Thursday, July 28, 2011

A Loss of Understanding

Here's the deal: I am deeply confused by life at this moment.  One might ask, 'Aren't you always?"  And the correct response to that is yes, I am.  But right now I am as lost as ever.  But lost isn't necessarily a bad thing.

Lately, I have been having dreams about people I know (and don't know), and then when I wake up those people happen to appear that day.  Sometimes they're even the first people I see.

Lately, I've been writing more songs than have ever been possible for me to write in a year, all within the span of a couple months.  This excites me.  It also concerns me that every song is going to suck...which leads to the next interesting puzzle piece.

Today, just now in fact, Liz left for work and then came back immediately to deliver me a letter; there was no return address.  I opened the letter and it was addressed:  Dear Present Jake.  The content of the missive was a small collection of encouraging ideas and personal meditations.  The letter was written by Future Jake.

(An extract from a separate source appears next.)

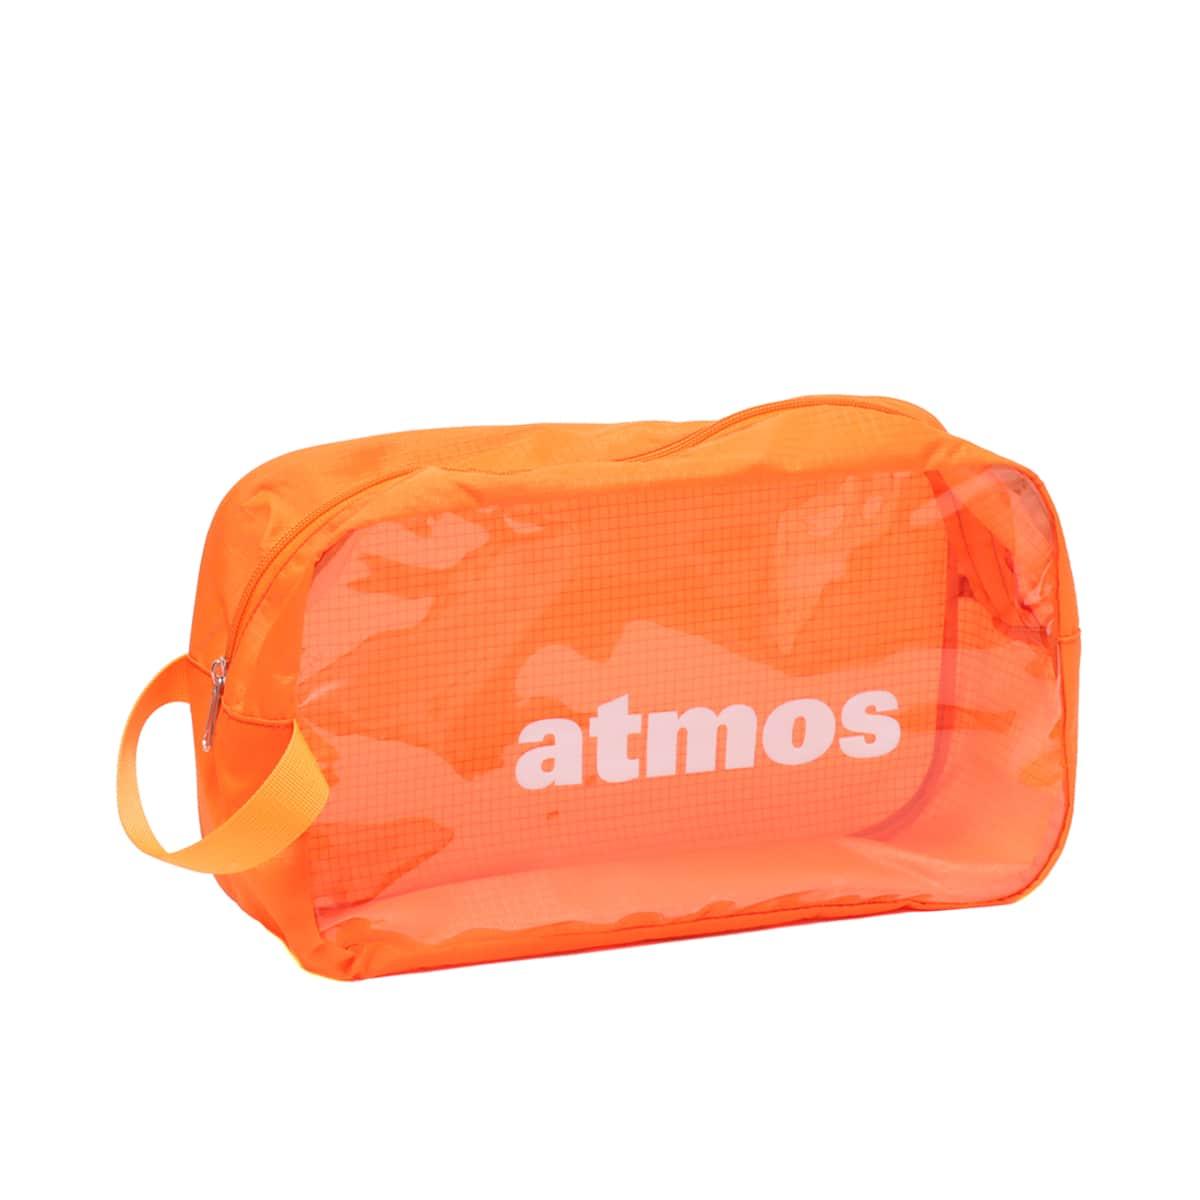 atmos CLEAR SHOES CASE ORANGE 21SP-I_photo_large
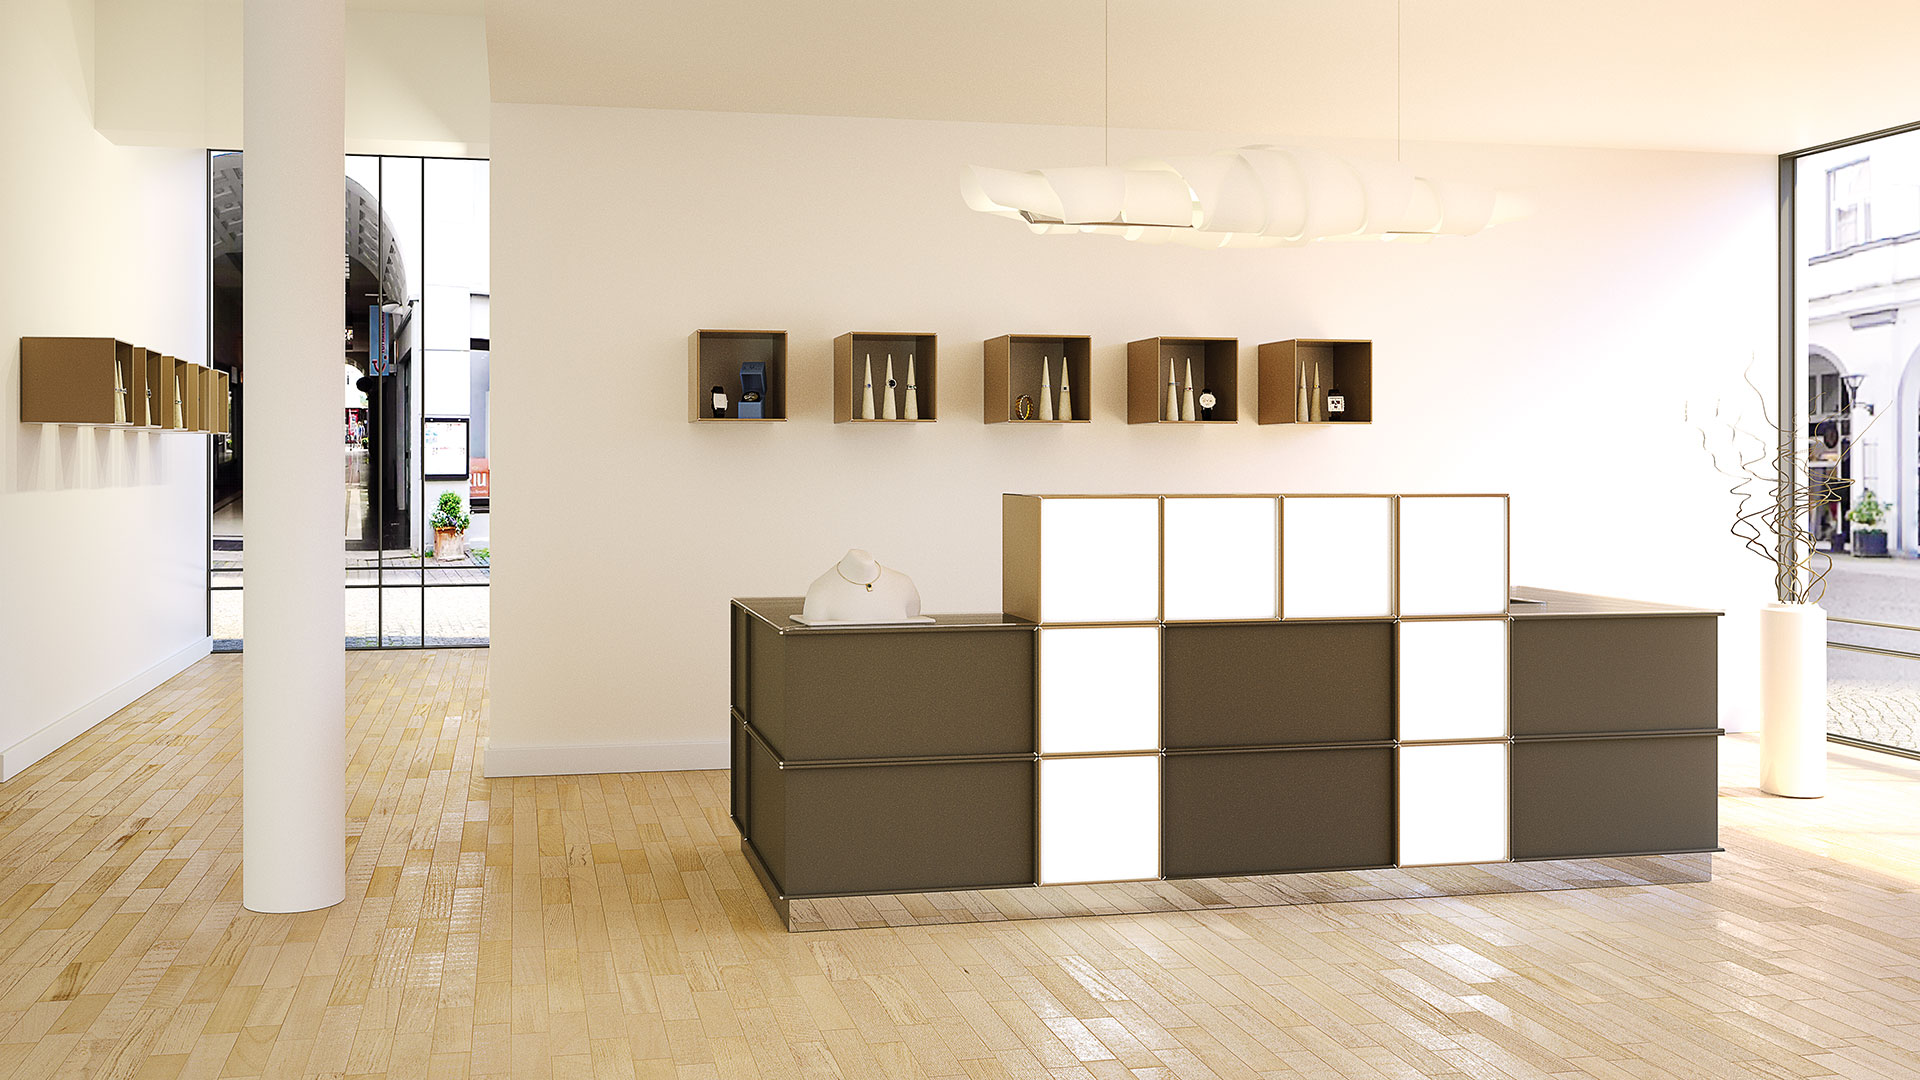 Design-Moebel-Stauraum-Thekenelement-Verkaufstresen-element-x-16-9CGRP91dshvHQT

Now.  I am not one for too much unreasonable foolishness, so I have to wonder who actually wrote this letter.  I would love to believe that it is from my future self but I am certain that there is no hope for my handwriting, because whoever penned that letter writes neatly.  This letter brings to my attention features of myself which I, while aware of them, try to either ignore or accept as fixed structures.  Am I such a mess?

The most bewildering thing!?  Liz's Grandfather gave me his old Crown Victoria yesterday.  He gave me a car.  It was his birthday yesterday too.  How can anyone deserve such kindness and luck?  How can such a debit be repaid to the universal store of energy?  How can I live more graciously and gracefully?